Accordingly, by continuing to question Appellant, the officers subjected Appellant to a second investigatory detention which was not supported by reasonable suspicion of any criminal activity other than the previously-resolved suspicion of DUI. Absent reasonable suspicion, this investigatory detention was unlawful, and Appellant's consent was invalid. Accordingly, all evidence derived from the search, including the evidence seized from the Jeep and the tractor trailer, as well as Appellant's subsequent statements, should have been suppressed.
As we conclude that Appellant's consent to search was invalid, we need not address his challenges to the denial of his Motion to Suppress his statements and the evidence from the search and seizure of the cell phones, which derived from the unlawful search of the Jeep.
Accordingly, we vacate the judgment of sentence and remand to the trial court for a new trial. Judgment of sentence vacated; case remanded for new trial. Jurisdiction is relinquished.
President Judge Panella joins the opinion.
President Judge Emeritus Stevens files a dissenting opinion.
Judgment Entered.
DISSENTING OPINION
STEVENS, P.J.E.
In this case the Majority vacates Appellant's judgment of sentence and remands for a new trial concluding that Appellant was subjected to a second investigatory detention which was not supported by reasonable suspicion of criminal activity. Relying on Mattis and Lopez, the Majority notes that after addressing the purpose of the initial stop for suspicion of DUI, the officers retained Appellant's drivers' license and continued to unlawfully question him regarding issues unrelated to the initial stop.
However, unlike Mattis and Lopez, where the defendants were found not "free to leave" while the officers retained their licenses, the trial court in this matter specifically found that a reasonable person in Appellant's circumstances would have realized that they were free to terminate the interaction and leave. See trial court opinion, 11/14/22 at 17-18.

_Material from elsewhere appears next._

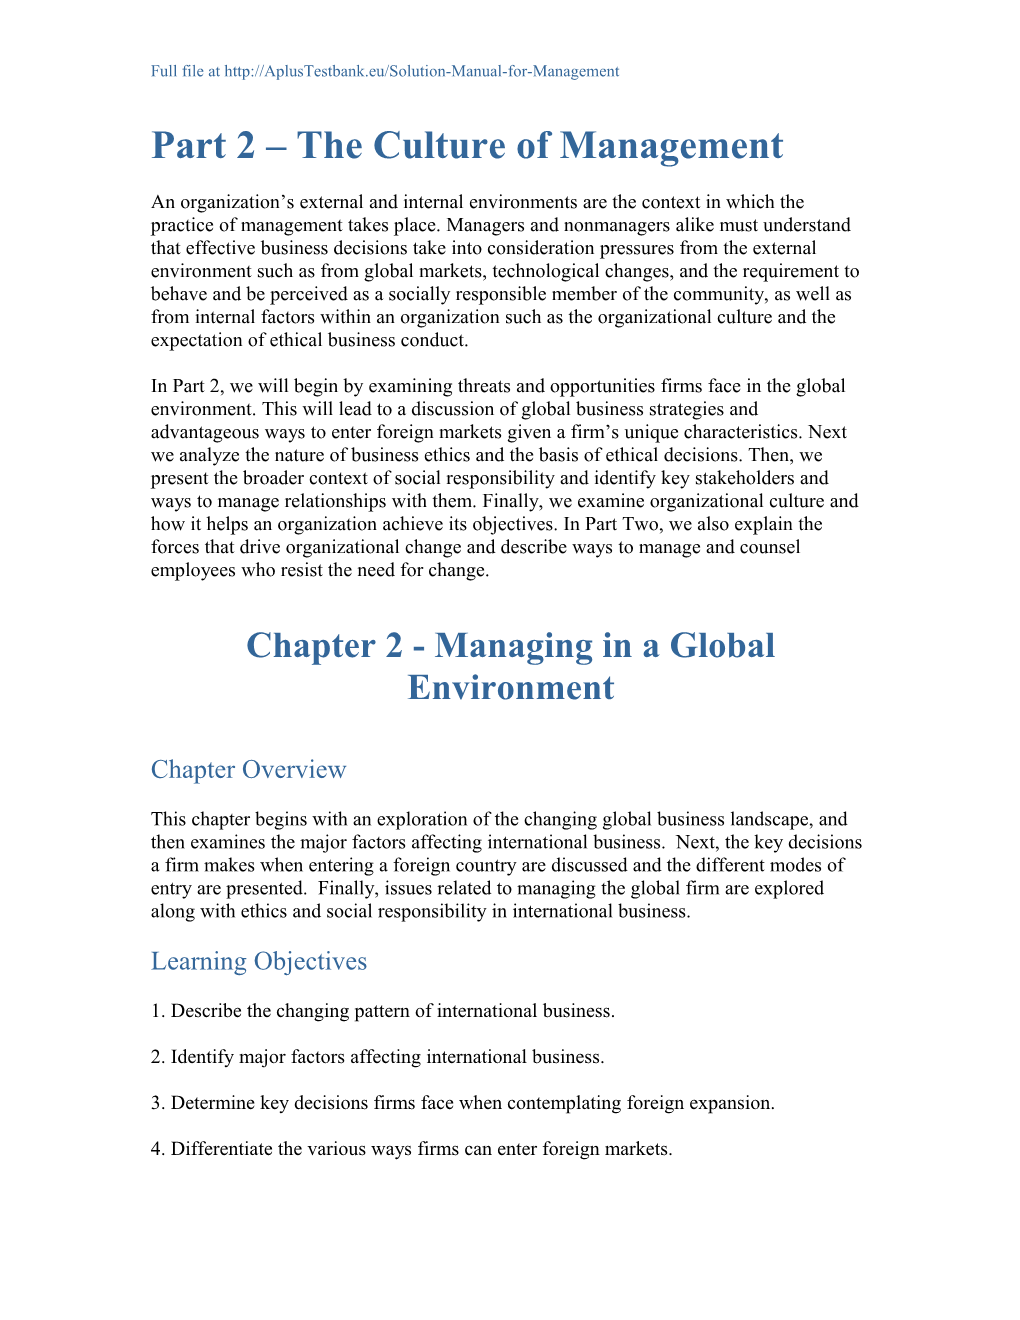 Part 2 the Culture of Management
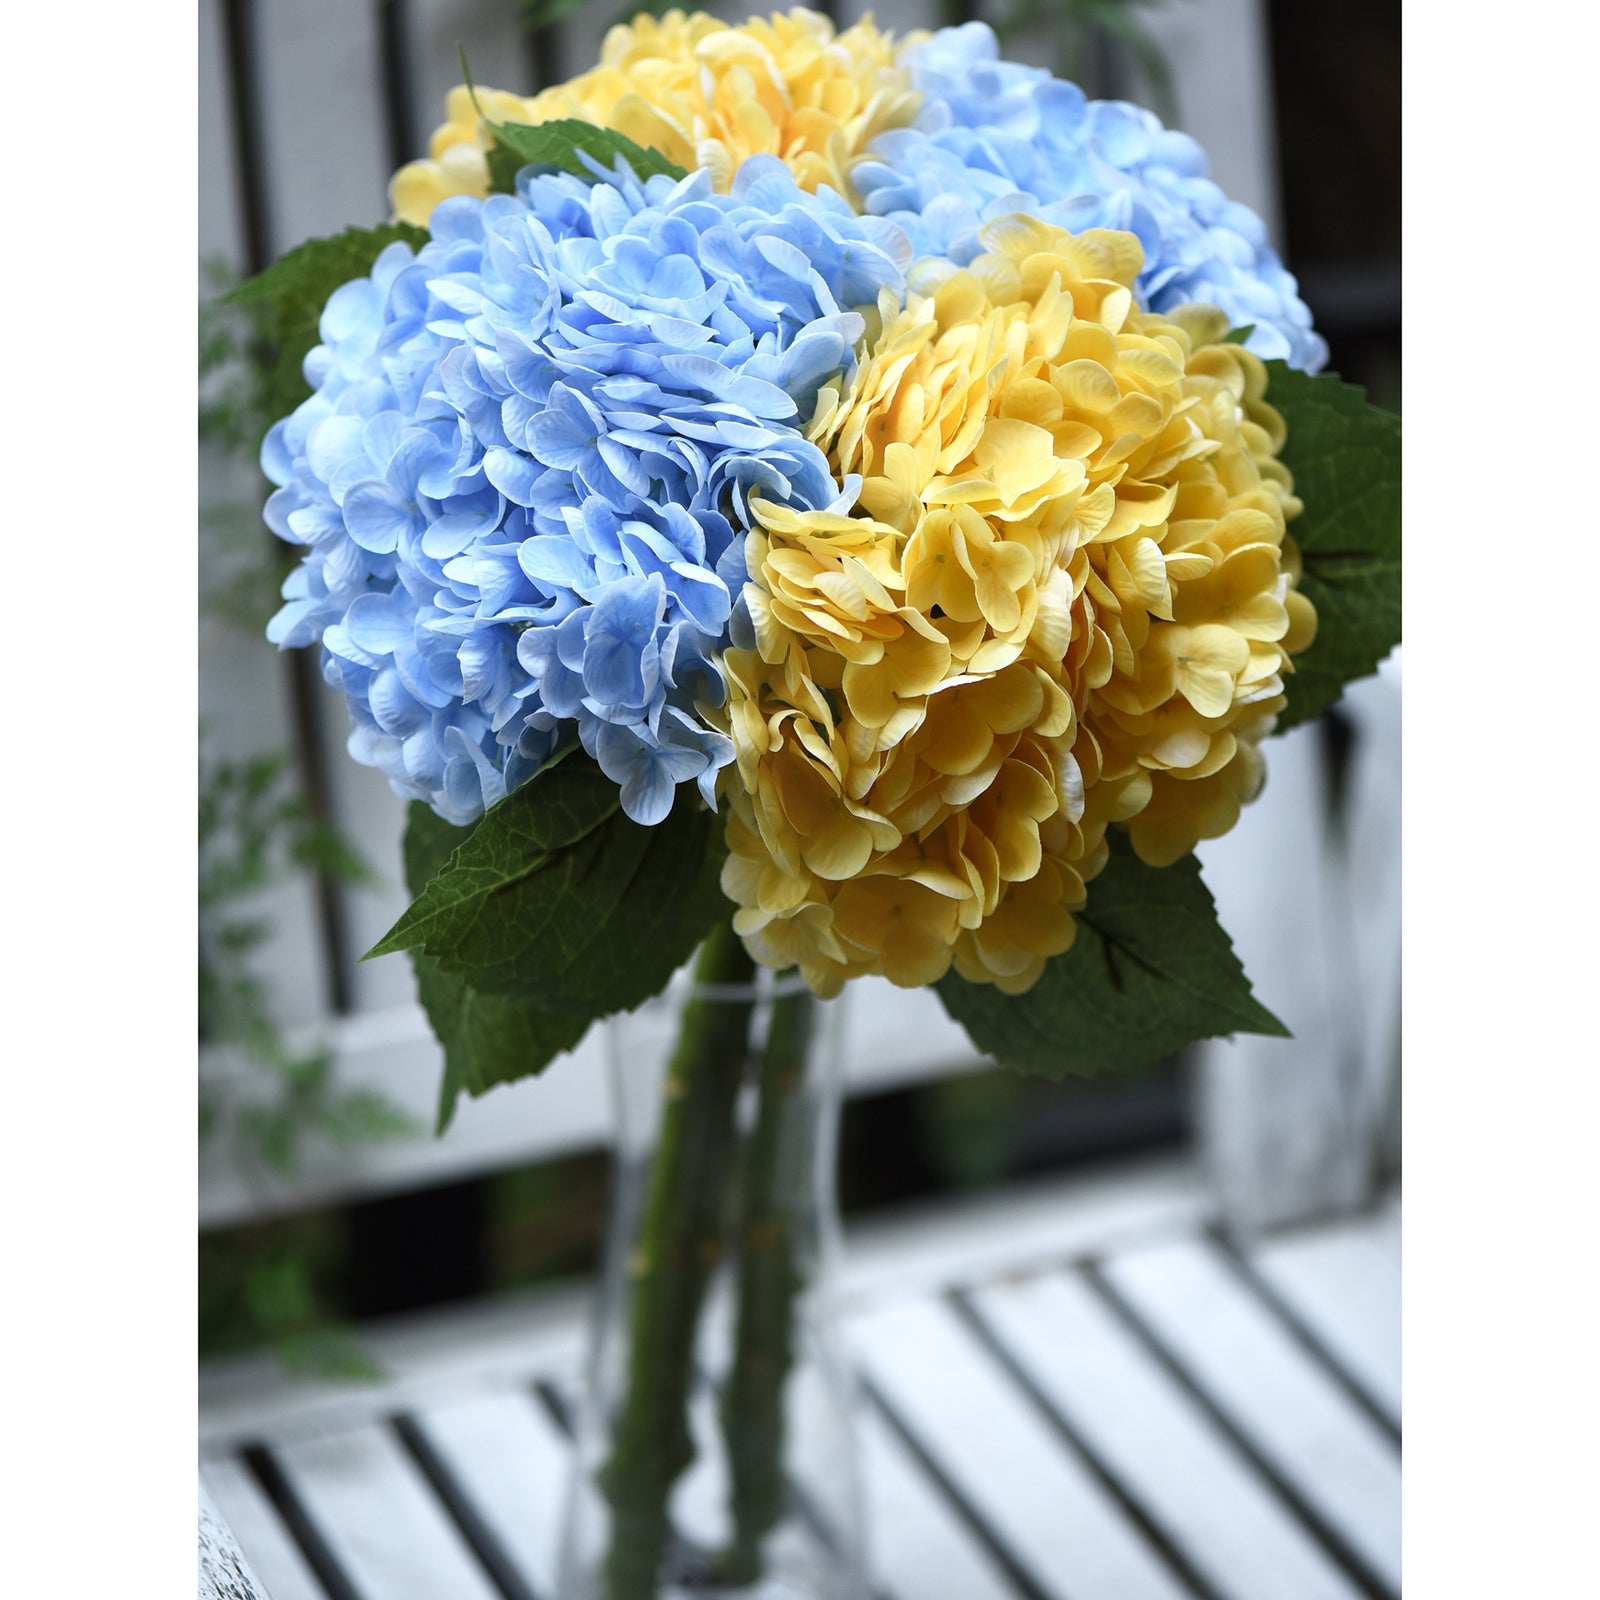 FiveSeasonStuff 2 Stems Real Touch Petals and Leaves Artificial Hydrangea Flowers Long Stem Floral Arrangement | for Wedding Bridal Party Home Décor DIY Floral Decoration (Blue | Yellow)

Based on the foregoing, the facts of this case support the conclusion that the subsequent questioning by the officers constituted a mere encounter and that Appellant's motion to suppress all the evidence derived from this questioning was properly denied.
Accordingly, I would affirm Appellant's judgment of sentence imposed following his conviction for two counts of PWID and related charges.
Therefore, I respectfully dissent.
[*] Former Justice specially assigned to the Superior Court.